In recent years, six strains of YOUV have been isolated from Culex tritaeniorhynchus in the China-Myanmar-Laos border area (Wang et al. 2011). Sero-surveys have demonstrated YUOV IgM and IgG antibodies in febrile patients from the China-Myanmar-Laos border area, giving evidence of YUOV infection in the area.
Tibet orbivirus (TIBOV)
TIBOV represents the second orbivirus isolated from mosquito specimens in China. TIBOV (strain XZ0906) was first isolated from a pool of Anopheles maculatus mosquitoes in Tibet, China in 2009 (Li M et al. 2014). Subsequently, TIBOVs were isolated from Culicoides spp., Culex fatigan, or Culex tritaeniorhynchus mosquitoes collected from Yunnan or Guangdong (Lei et al. 2015; Xing et al. 2017). TIBOV could replicate in C6/36 and BHK-21 cells and cause CPE. Currently, it is unclear whether TIBOV can infect either humans or animals. Further studies should be worked for serological survey to define potential human and animal exposures to TIBOV.
Chikungunya virus (CHIKV)
CHIKV is a member of the genus Alphavirus and the family Togaviridae (Pialoux et al. 2007). The virus was first isolated in Tanzania in 1952, and since then CHIKV has spread to Asia, Africa, the Americas, and the areas surrounding the Indian and Pacific Oceans. In China, CHIKV was first isolated from the serum of a patient in Yunnan in 1987 (Huang et al. 1998). Based on the CHIKV E-gene, the virus has been phylogenetically classified into three distinct groups: the Asian genotype, the West African genotype, and the East/Central/Southern African (ECSA) genotype (Pialoux et al. 2007).
The main vectors for CHIKV are Aedex aegypti and Aedex albopictus mosquitoes, the same mosquitoes that transmit DENV (Pialoux et al. 2007). Other Aedes species are sensitive to experimental CHIKV infection, but their role in field transmission has not yet been shown.
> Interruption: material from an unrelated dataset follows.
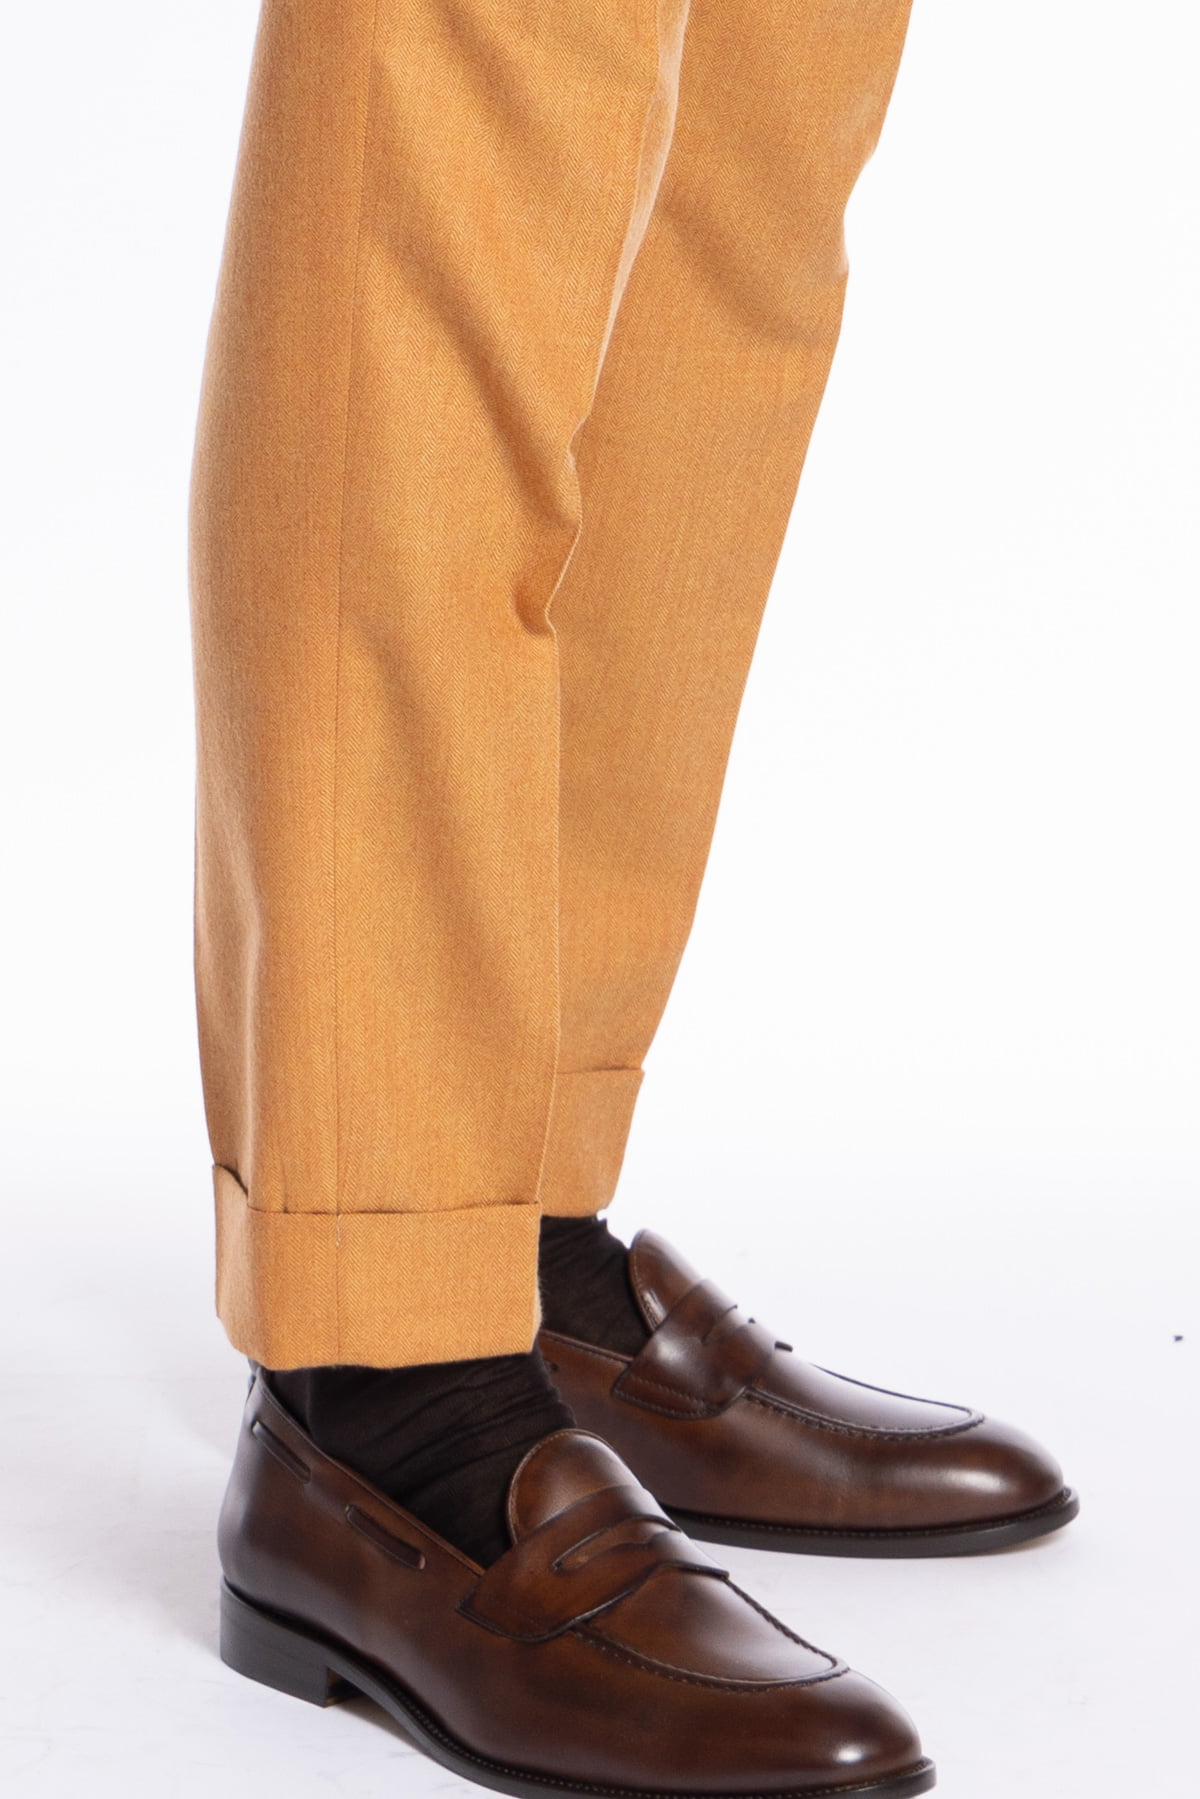 Pantalone uomo arancio spigato vita alta tasca america in lana flanella Holland & Sherry con doppia pinces e fibbie laterali regolabili

Human beings are the known natural hosts of CHIKV. Serological evidence suggests that non-human primates, some rodents and birds, and other vertebrate species may serve as reservoir hosts in nature (McIntosh et al. 1964; Pialoux et al. 2007; Filipe and Pinto 1969; Sam et al. 2015). Recently, the experimental infection of 12 mammalian species and nine avian species indicated that some bats and rodents may serve as reservoir hosts of CHIKV; however, various domestic and wild animal species, including birds, are unlikely to be reservoirs of CHIKV in nature (Bowen et al. 2016).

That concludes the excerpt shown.